Page 218 - Kolaj Sharodiya Review Edition
P. 218
‘Writing’ Home
Sangeeta Roy
What if the Goddess, instead of coming to her paternal home for the festivities, escaped to an exotic locale in another planet and then, didn’t return to Kailash at the end of
stipulated time? Would she still be the venerated deity to the popular Bengali imagination?
In the collective Bengali psyche, Durga Puja is more often, synonymous to the conception of a longing, a longing for ‘home’. The idea of such ‘longing’ draws on the popular
narrative of the Goddess visiting her paternal home for a stipulated few days, once a year, from the home of her husband in the mountains of Kailash.
This seemingly simple, rather, simplistic story serves as an emotive script for many Bengalis to express an almost idyllic notion of home that perhaps inadvertently, obfuscates the
unease that many other Bengalis feel about the home and its myriad associative meanings. The celebratory status of this story thus attempts to consolidate a prescribed set of
sites that can constitute home. In effect, the story also, and rather uncritically, conflates the conceptions of house and home, though the contexts of such conflation can be
located in a range of historical and socio political contexts. Dominant discourses that affirm the prescribed sites that denote home, identify not only a set of the physical sites,
but also a range of individuals, practices and emotions that contour the meanings of the institution. Such circumscribing of meanings can restrict all those whose experiences
cannot necessarily align them with the entrenched socio cultural scripts of conformity that construct the home. Ethno cultural normatives that inform the processes of
socialisation attempt to inculcate cultural scripts of gender, sexuality, and class, which, in particularly stringent ways, aim to fix erring children or even childhoods. The socio
spatial location of the home becomes then the primary unit to inculcate a set of cultural scripts of ethnic masculinities and ethnic femininities that aim to tutor a generation of
young people into appropriate members of an ethnic group. This, in effect, means that many children and young people who cannot identify either with the assumed
dispositions or the markers of their ethnic identity, have to either succumb their aspirations or find themselves elsewhere. Through its physical and connotative meanings, the
home figures in this conversation irrespective of the ways in which we are implicated in it.

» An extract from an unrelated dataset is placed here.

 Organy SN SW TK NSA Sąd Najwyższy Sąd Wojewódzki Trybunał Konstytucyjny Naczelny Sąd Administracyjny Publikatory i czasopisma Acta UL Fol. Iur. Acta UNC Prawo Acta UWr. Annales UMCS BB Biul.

My earliest and sort of bitter flavour at what my family perceived as Bengali bhadralok socialisation came at the expense of my cousin. His euphoric indulgence in the world of
his pets, once discovered in the room adjacent to our garden was met with scorn and repugnance. These ‘pets’ (comprising of a medium sized scorpion, three particularly
large black ants, and a snake that he claimed was still growing) and his elaborate indulgence in their wood and tin residence structure and food sources along with
information about their individual dispositions, irked my mother more than overwhelming her with wonder at his keenness with insect ecology. He had to let them go the day
after. Of course it is another matter that while one their way out, the scorpion stung the postman and also the electrician, articulating its retaliation on behalf of my cousin.

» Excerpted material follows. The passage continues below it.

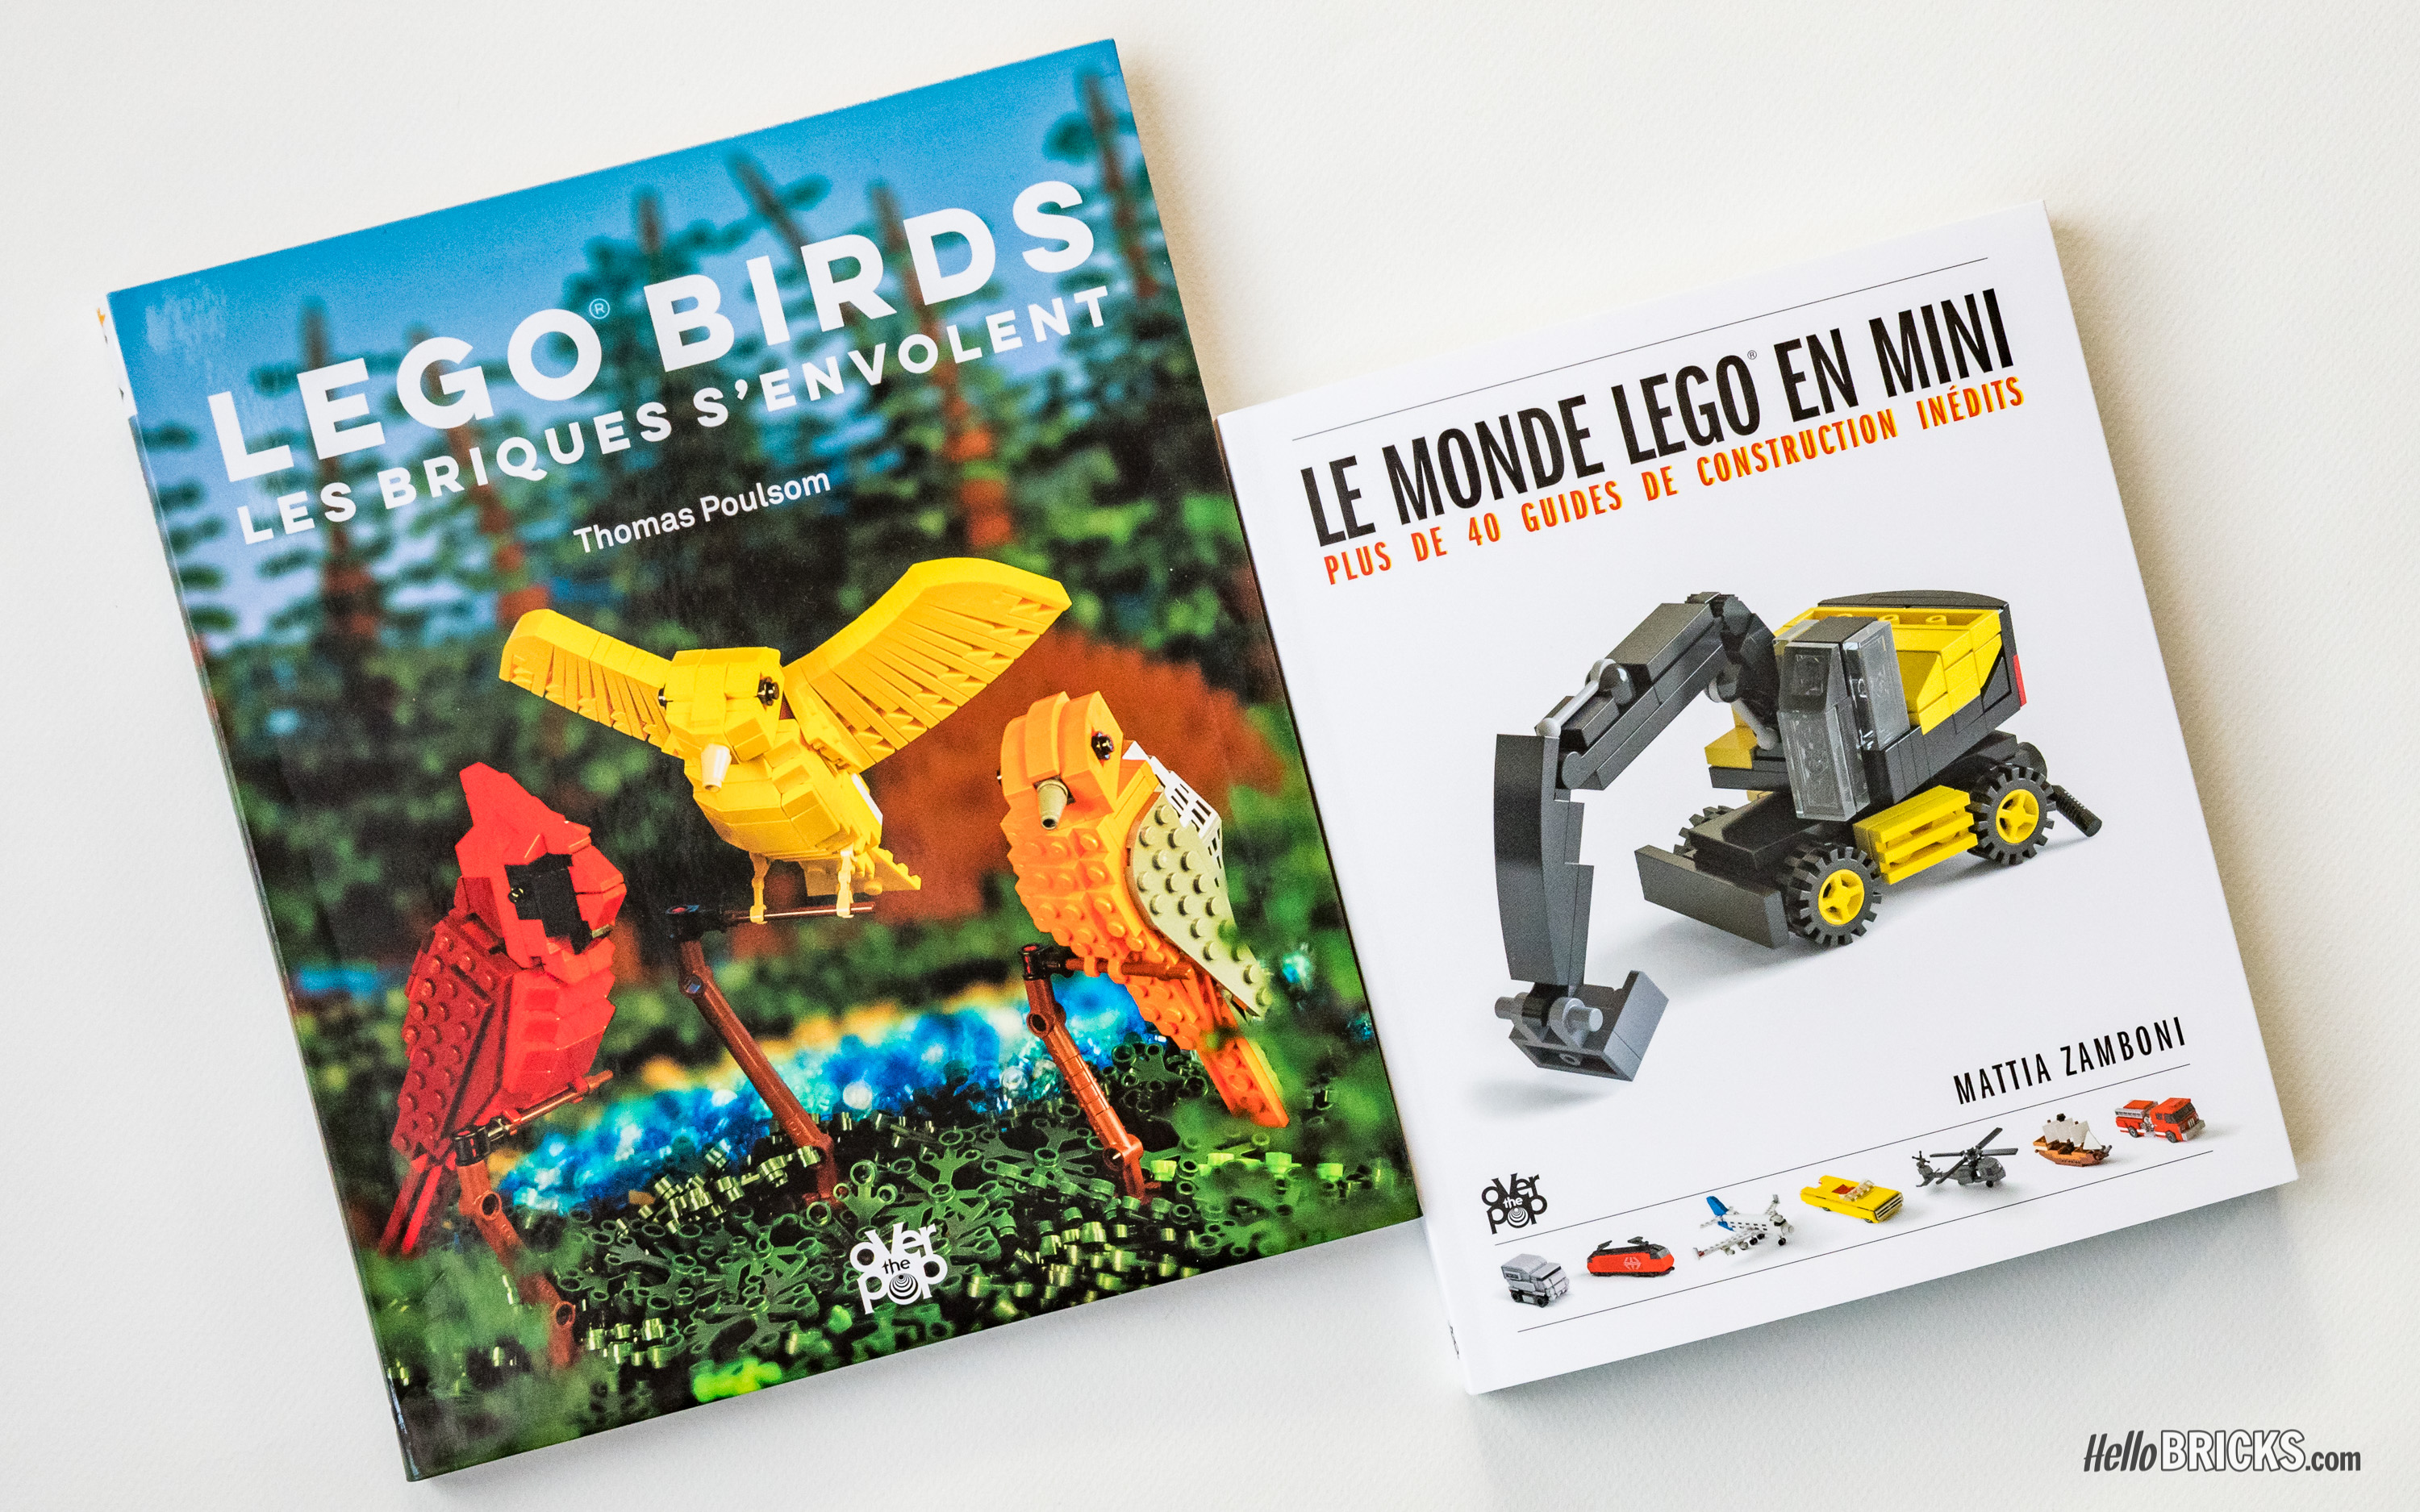 Le monde Lego en mini ; plus de 40 guides de construction inédits

Dada probably didn’t understand that he was becoming the black eye in not attempting anything that could consolidate the bhadralok culture and class of my family. I can
remember the recurring refrain of my mother’s disgust towards my cousin who in her view was,” a boy disinterested in everything”. This “everything” to her mind comprised of a
specific nature of interests in particular forms of art, literature, music, and cinema, along with an aptitude for football and mathematics. Instead, I remember my cousin
spending hours on end trying to figure if spiders and honey bees experienced electrocution in the same ways in which human bodies do. If it were not for the persistent
rejection by the adults, for all I know there could have been a conservationist in the family of some sort.
In fact both my cousins who maintained a telling silence at home and conducted themselves with some sort of clinical detachment, were considered two of the most
easygoing, affable men by their friends and in our neighbourhood. Such silence was probably the only way out for two teenaged boys who never seemed to be able to
‘become’ the boys with demeanours, interests and academic capacities that would reaffirm my family’s bhadralok culture and status.